RapidMedX — Smart Patient Triage
AI-assisted triage for hospitals that reduced wait times and improved outcomes.
Problem
Large hospitals struggled with long ED wait times and inconsistent triage prioritisation. Clinicians needed an accurate, fast tool to rank incoming patients by risk so critical cases were seen earlier.
Our Approach
We designed a lightweight clinical AI that augments triage nurses by analysing presenting complaints, vitals, and historical records to produce a real-time risk score. The system integrates with the hospital's EHR and provides clear explanations for each risk signal.
Solution
- Built a diagnosis-aware NLP model to parse triage notes and symptoms.

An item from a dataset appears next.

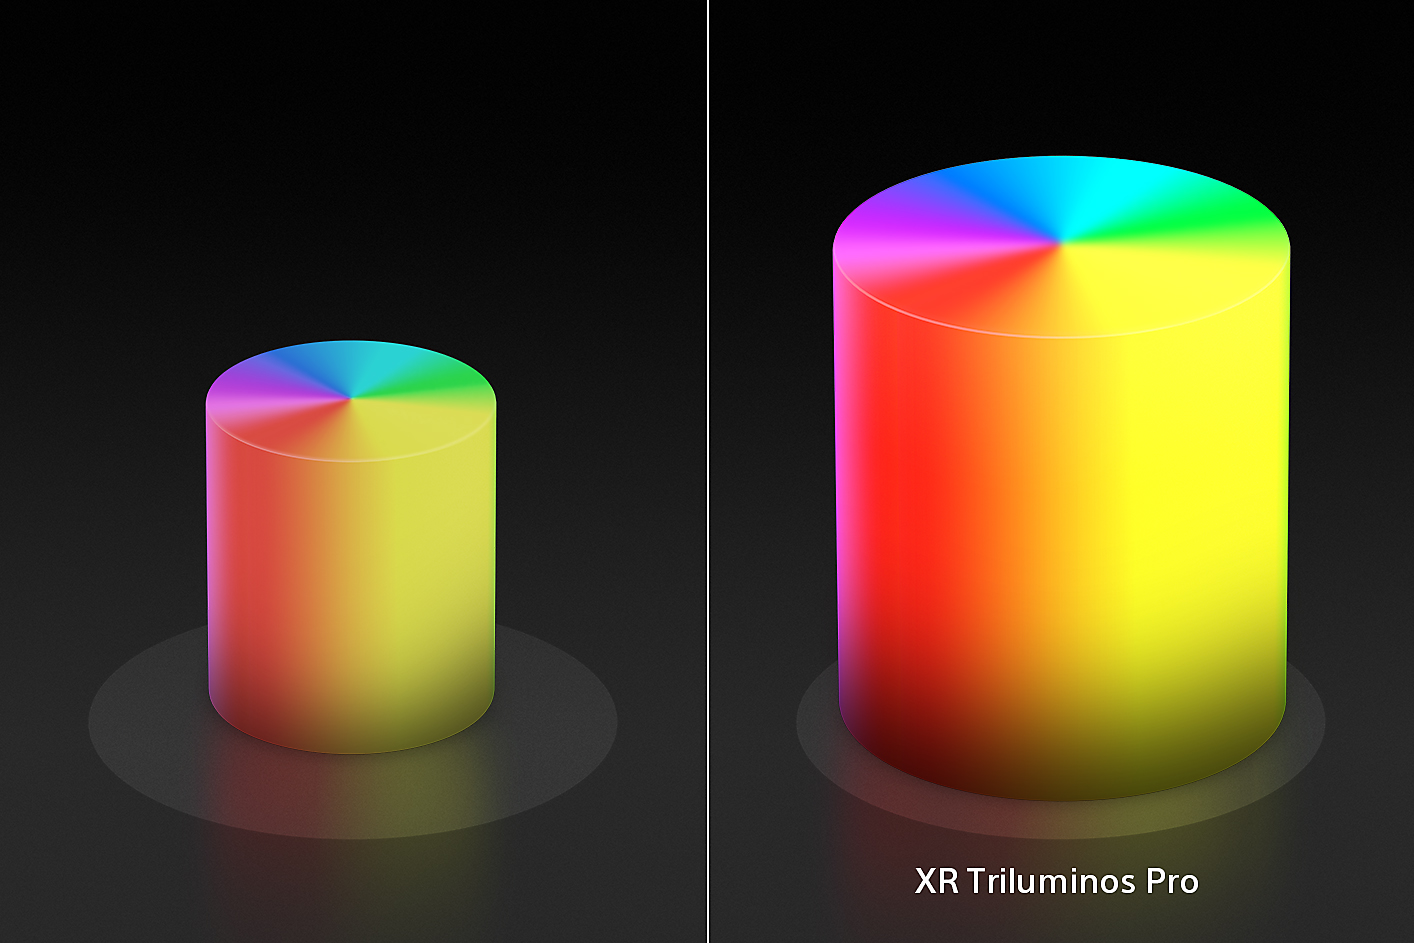 Écran divisé montrant deux bougies coniques de couleur, à droite les couleurs et textures sont améliorées par XR Triluminos Pro

- Fused symptom embeddings with vitals and prior history using a hybrid ML model.
- Deployed as an edge-capable microservice with EHR connectors and a nurse-facing dashboard.
Outcome
In pilot deployments across three regional hospitals:
- Average patient wait time reduced by 40%.
- Prioritisation accuracy increased by 18% (clinician-validated).
- Adoption rate among triage staff > 85% within 6 weeks.
Tech Stack
Python, FastAPI, TensorFlow/PyTorch (model ensemble), PostgreSQL, Docker, MQTT for device telemetry, React dashboard.
Client Impact
Improved throughput, better clinical outcomes for high-risk patients, and measurable staff time savings.